» **TASK DESCRIPTION**: Copy out exactly the lines from the one containing "Artistic image of" through the end of the records, and no pictures.

» **DATA EXTRACT**:

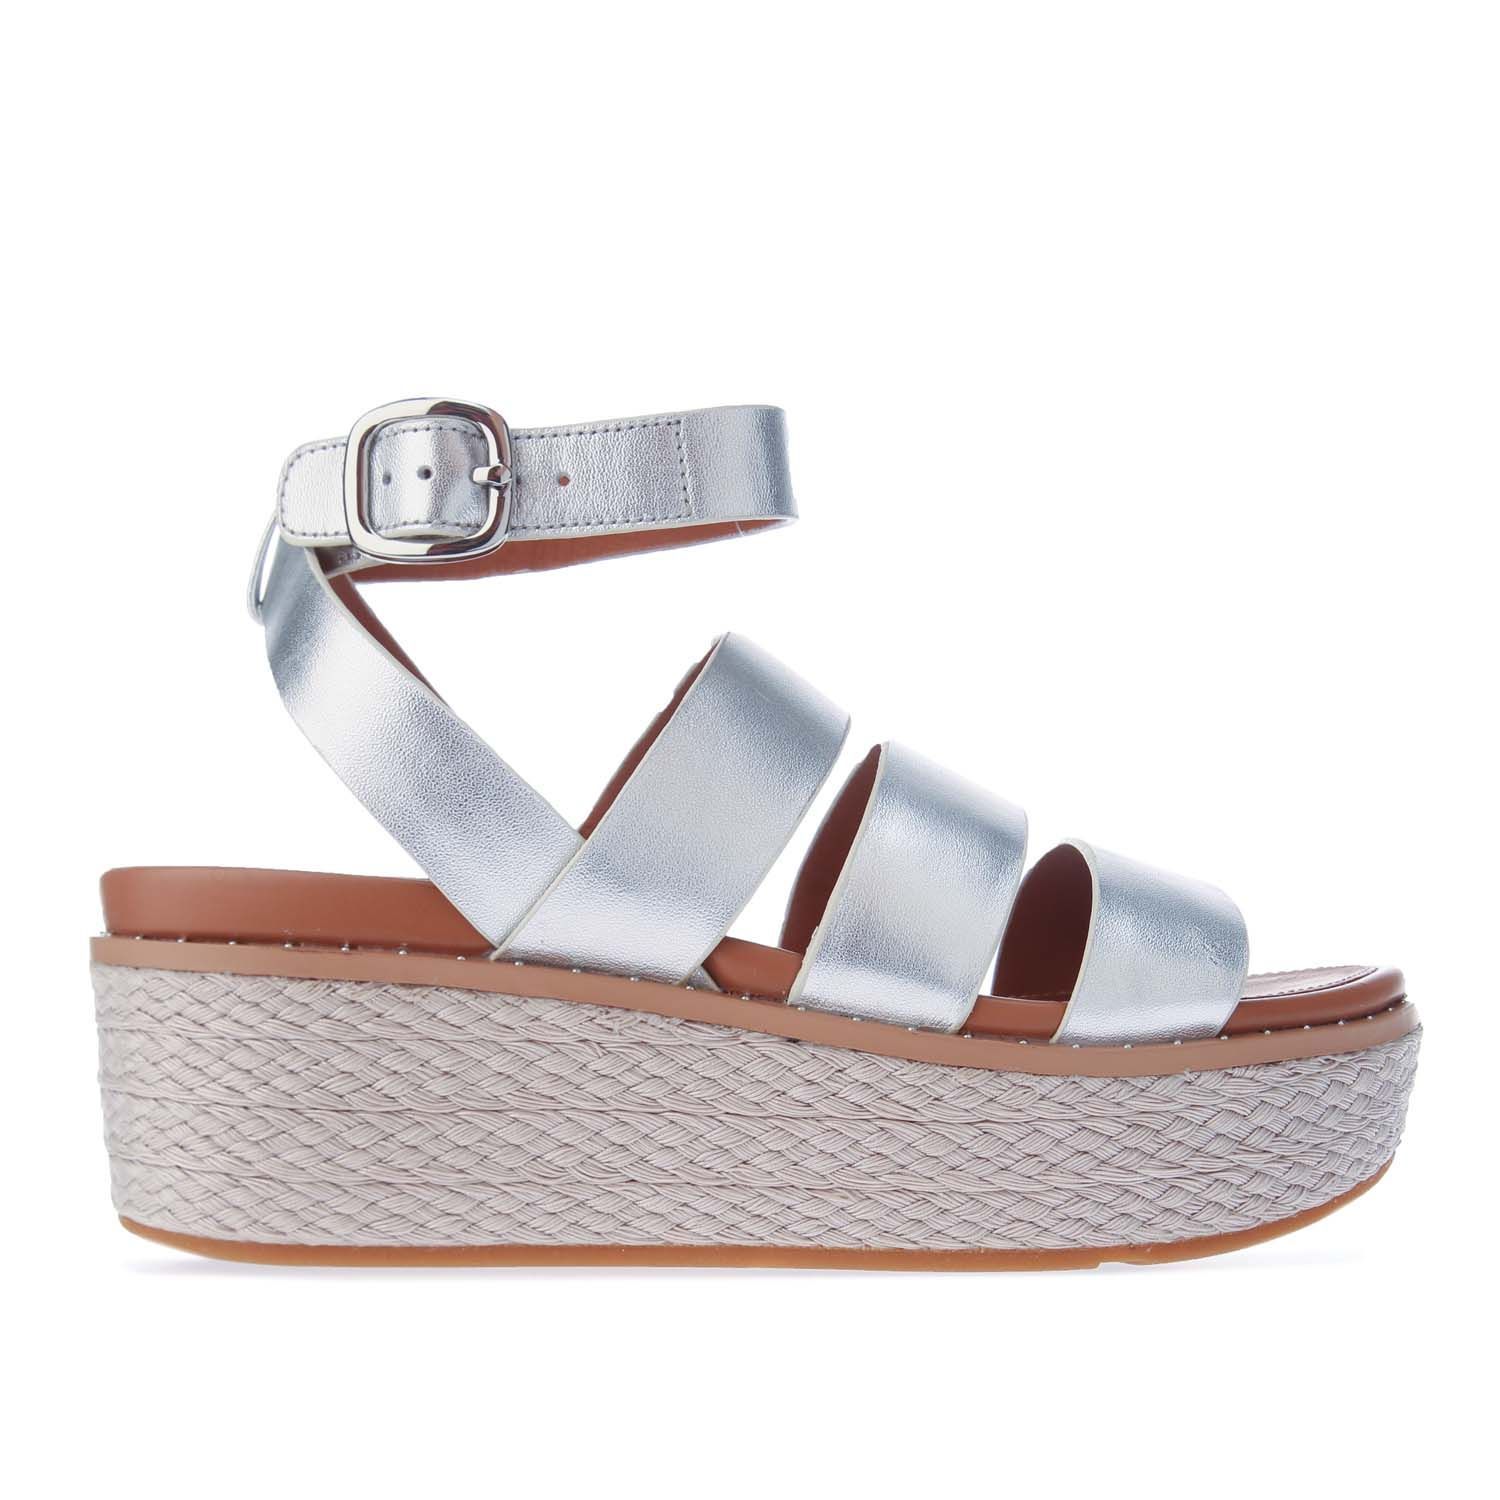 Women's Fitflop Eloise Back-Strap Espadrille Wedge Sandals in Silver
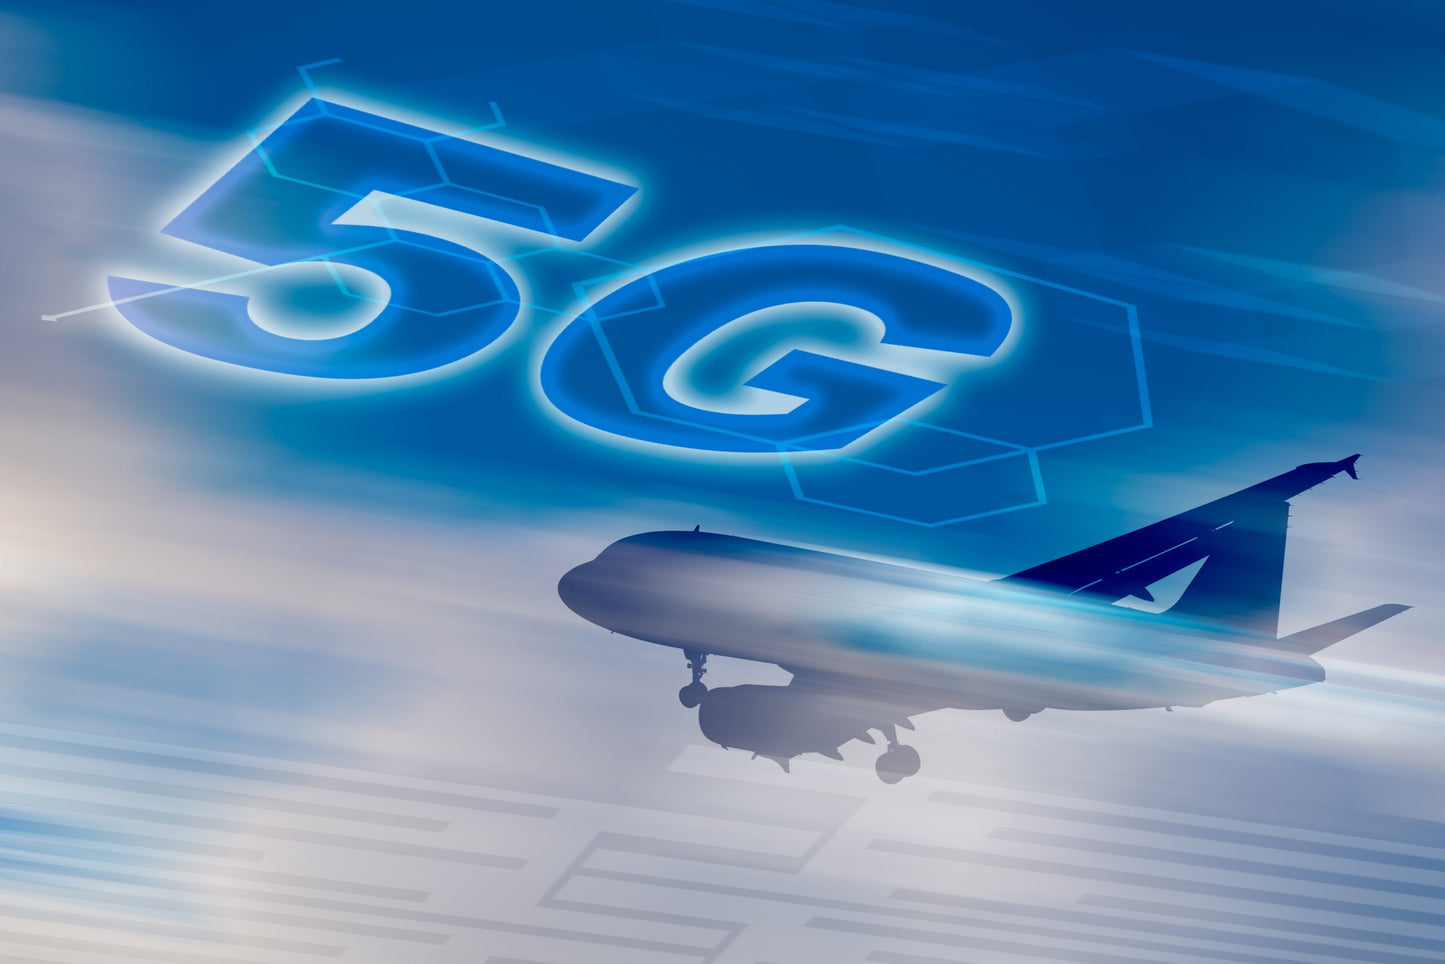 Artistic image of an airplane flying through the sky with a neon "5G" in the sky
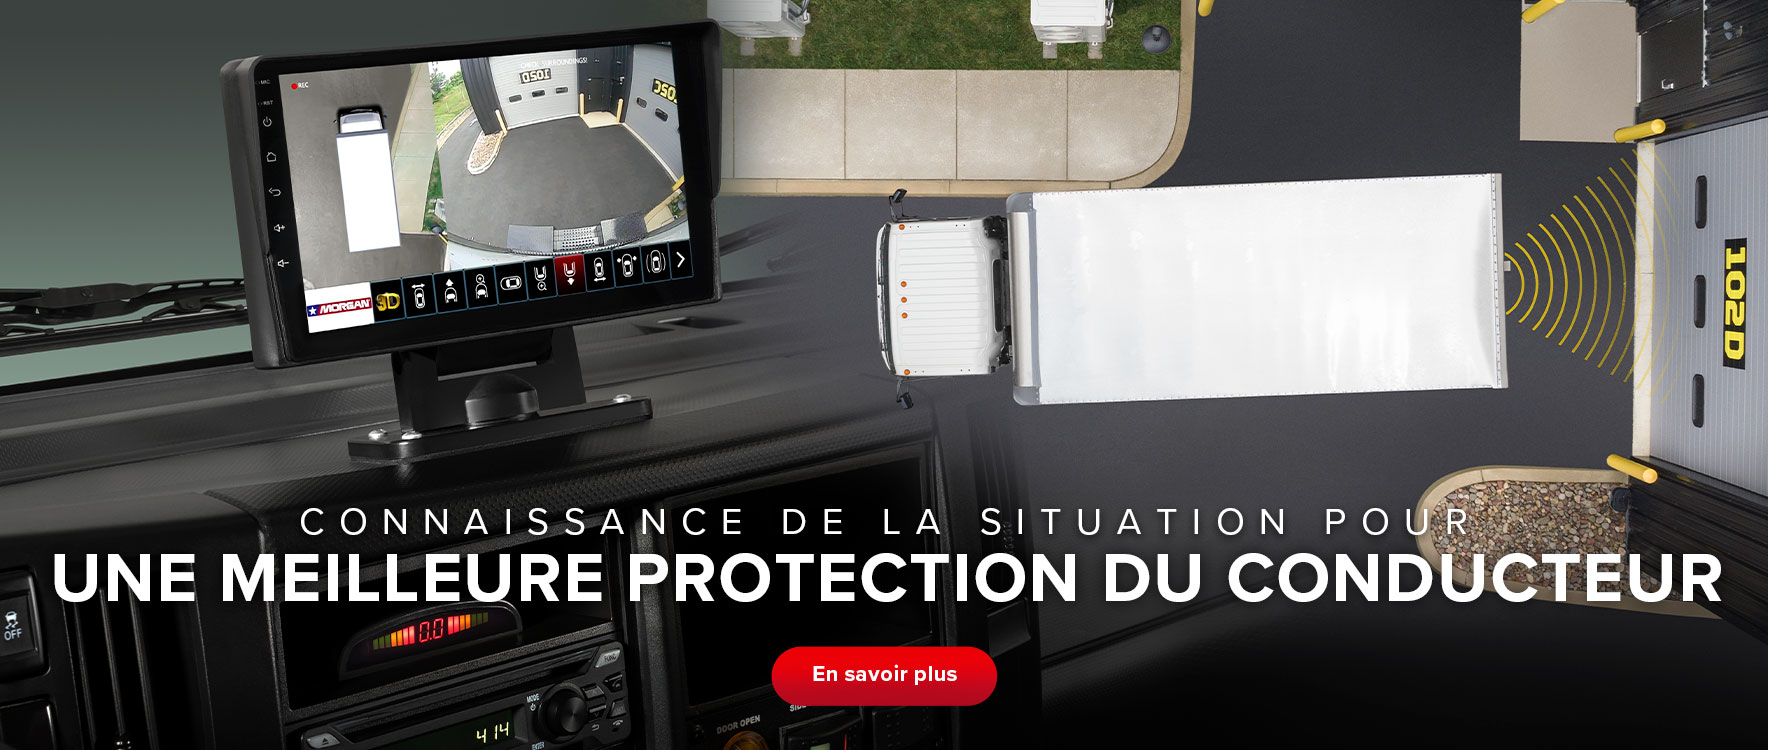 Situational Awareness Packages provide enhanced visibility inside and outside of the vehicle.
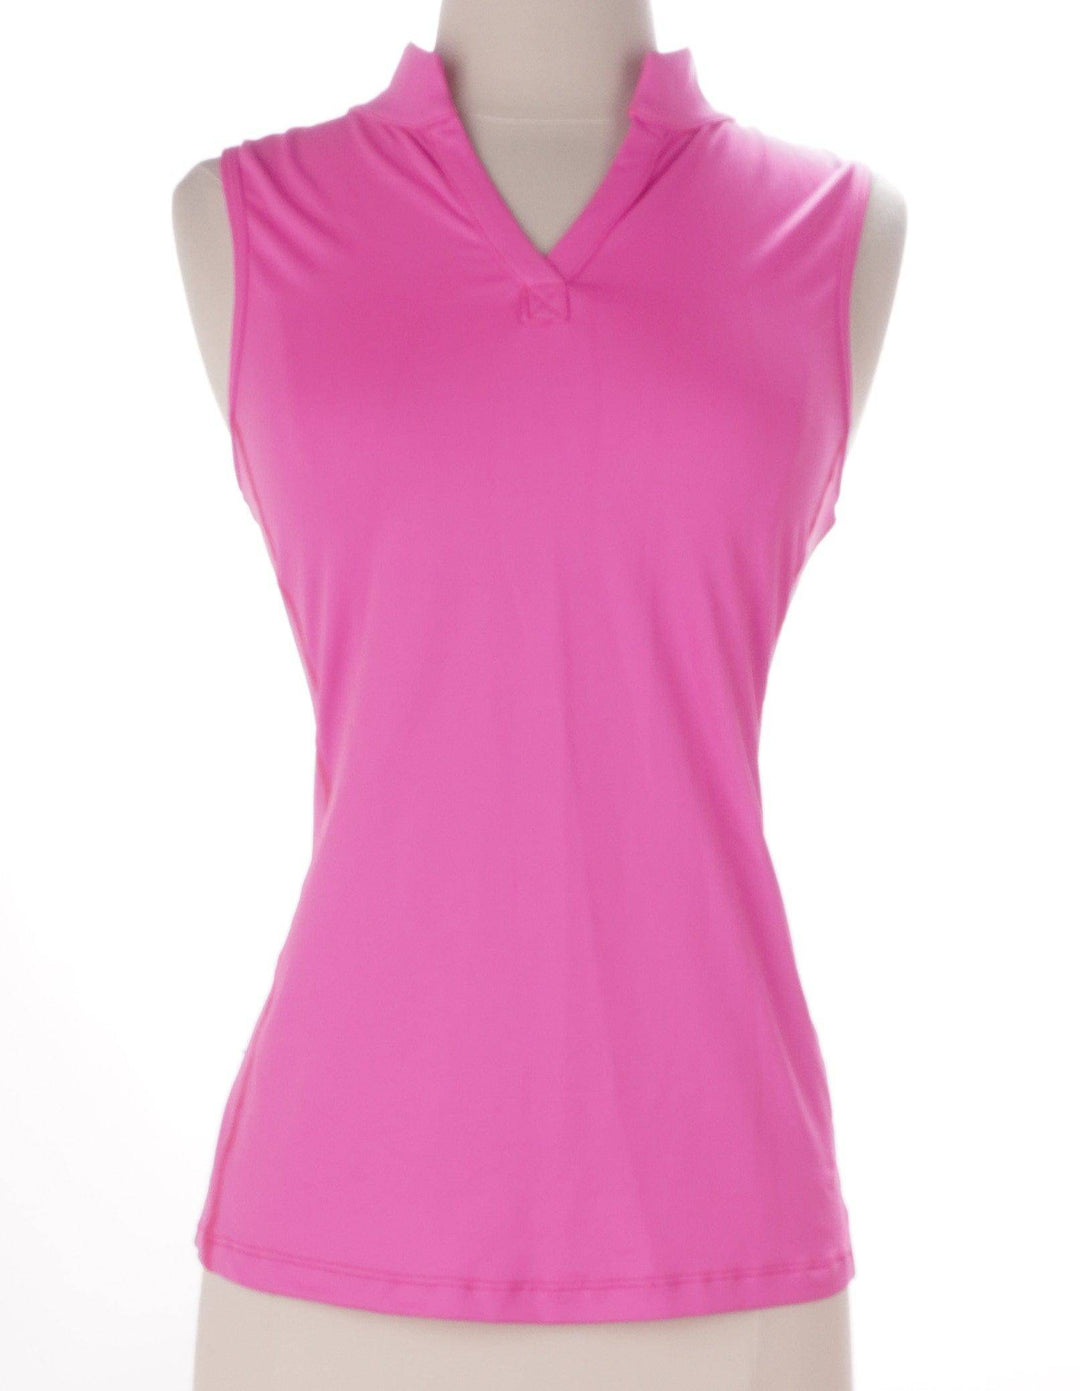 ES Pink / 2 / Consigned ES Sleeveless Top - Size 2
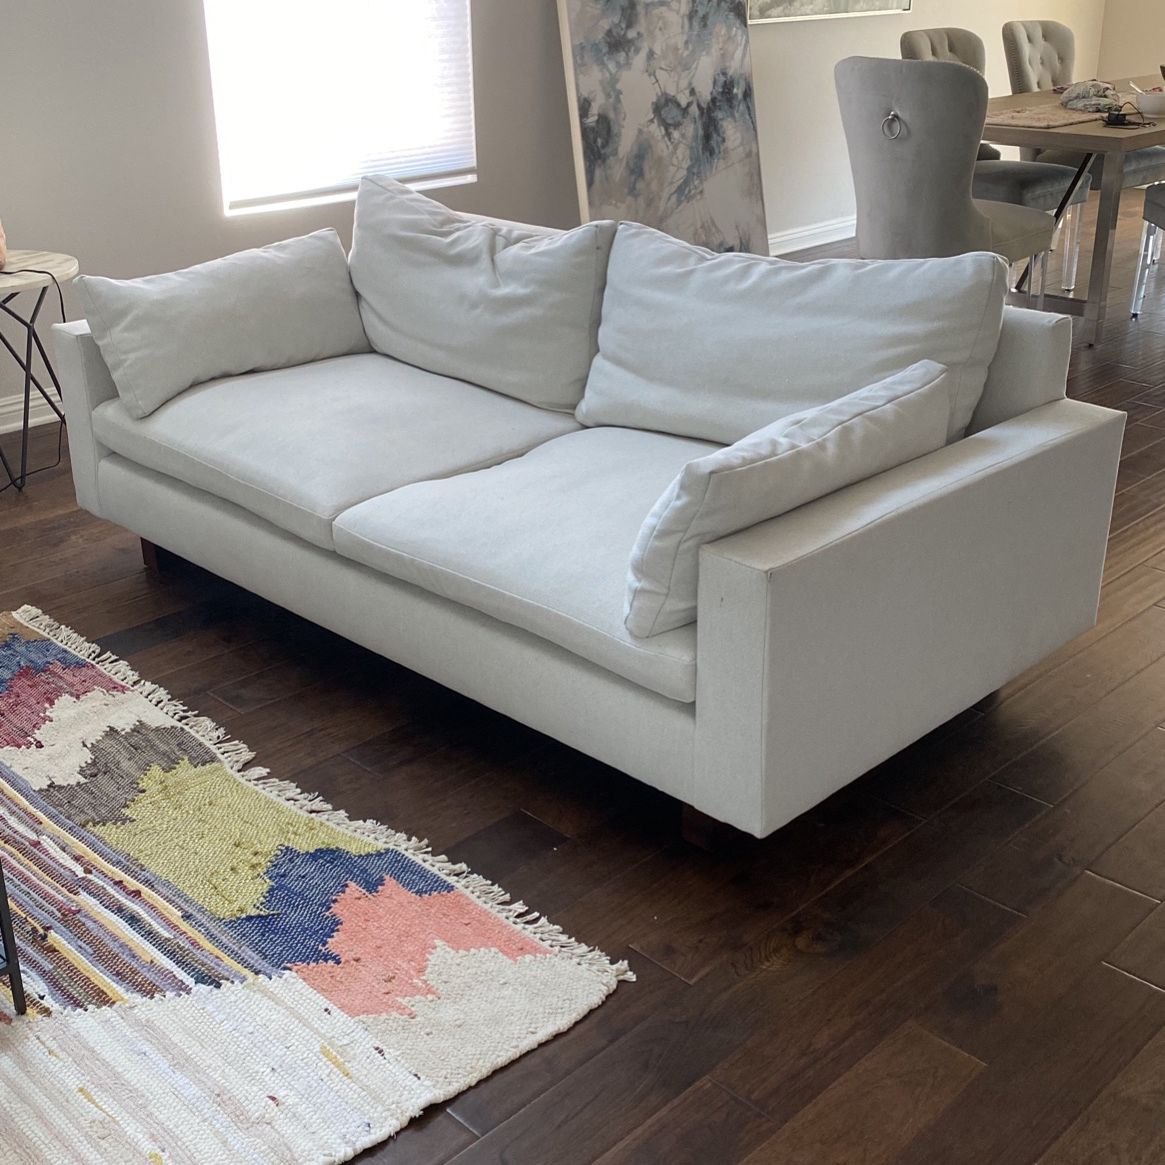 West Elm Harmony Sofa For In Agoura Hills Ca Offerup

» **RESPONSE TO THIS TASK**:
 Artistic image of an airplane flying through the sky with a neon "5G" in the sky
 Situational Awareness Packages provide enhanced visibility inside and outside of the vehicle.
 ES Pink / 2 / Consigned ES Sleeveless Top - Size 2
 West Elm Harmony Sofa For In Agoura Hills Ca Offerup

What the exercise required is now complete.